Gil lifted the container of Kool-Aid and raised it into a jittery hover above the two plastic glasses. There was going to be an accident. His hands were covered with purple scabs. I took the pitcher from him and filled the glasses.
“Sit down,” he said. “I’m glad you’re here, young fella.” When I didn’t move he said, “Really. Nadine said you were a good-looking kid.” He smiled, and leaning on both hands, he sat hard into the kitchen chair. “This is your last stop today. Have a snack.”
So began my visits with old Gil Benson. He was my last delivery every fourth day that summer, and as far as could tell, I was the only one to visit his wretched house. On one occasion I placed one of the Oreos he gave me on the corner of my chair as I left and it was right there next time when I returned. Our visits became little three-part dramas: my arrival and the bustle of intrusion; the snack and his monologue; his hysteria and weeping.

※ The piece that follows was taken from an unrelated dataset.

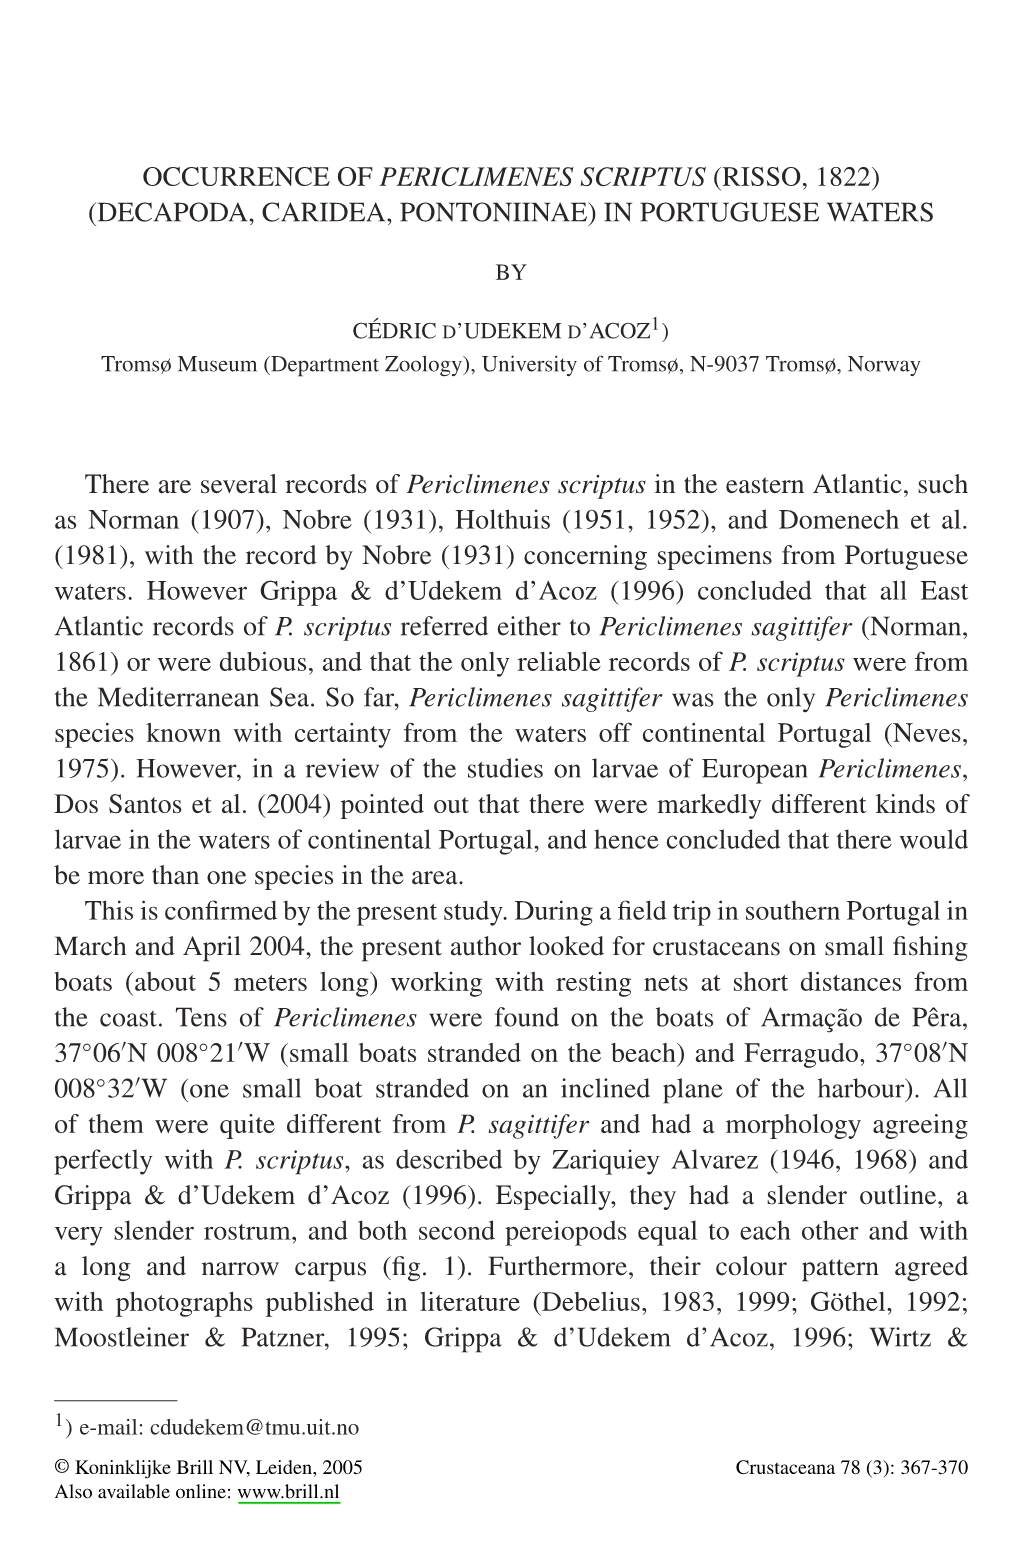 OCCURRENCE of PERICLIMENES SCRIPTUS (RISSO, 1822) (DECAPODA, CARIDEA, PONTONIINAE) in PORTUGUESE WATERS There Are Several Record

The first time he reached for my wrist across the table as I was standing to get up, it scared me. Things had been going fine. He’d told me stories in an urgent voice, one story spilling into the other without a seam, because he didn’t want me to interrupt. I had I’ve got to go all over my face, but he wouldn’t read it. He spoke as if placing each word in the record, as if I were going to write it all down when I got home. It always started with a story of long ago, an airplane, a homemade repair, an emergency landing, a special cargo, an odd coincidence, each part told with pride, but his voice would gradually change, slide into a kind of whine as he began an escalating series of complaints about his doctors, the insurance, his children—naming each of the four and relating their indifference, petty greed, or cruelty. I nodded through all of this: I’ve got to go. He leaned forward and picked at the back of his hands. When he tired after forty minutes, I’d slide my chair back and he’d grab my wrist. By then I could understand his children pushing him away and moving out of state. I wanted out. But I’d stand—while he still held me—and say, “That’s interesting. Save some of these cookies for next time.” And then I’d move to the door, hurrying the dolly, but never fast enough to escape. Crying softly and carrying his little walker bottle of oxygen, he’d see me to the door and then out into the numbing heat to the big white pickup. He’d continue his monologue while I chained the old tank in the back and while I climbed in the cab and started the engine and then while I’d start to pull away. I cannot describe how despicable I felt doing that, gradually moving away from old Gil on that dirt lane, and when I hit the corner and turned west for the shop, I tromped it: forty-five, fifty, fifty-five, raising a thick red dust train along what would someday be Chandler Boulevard.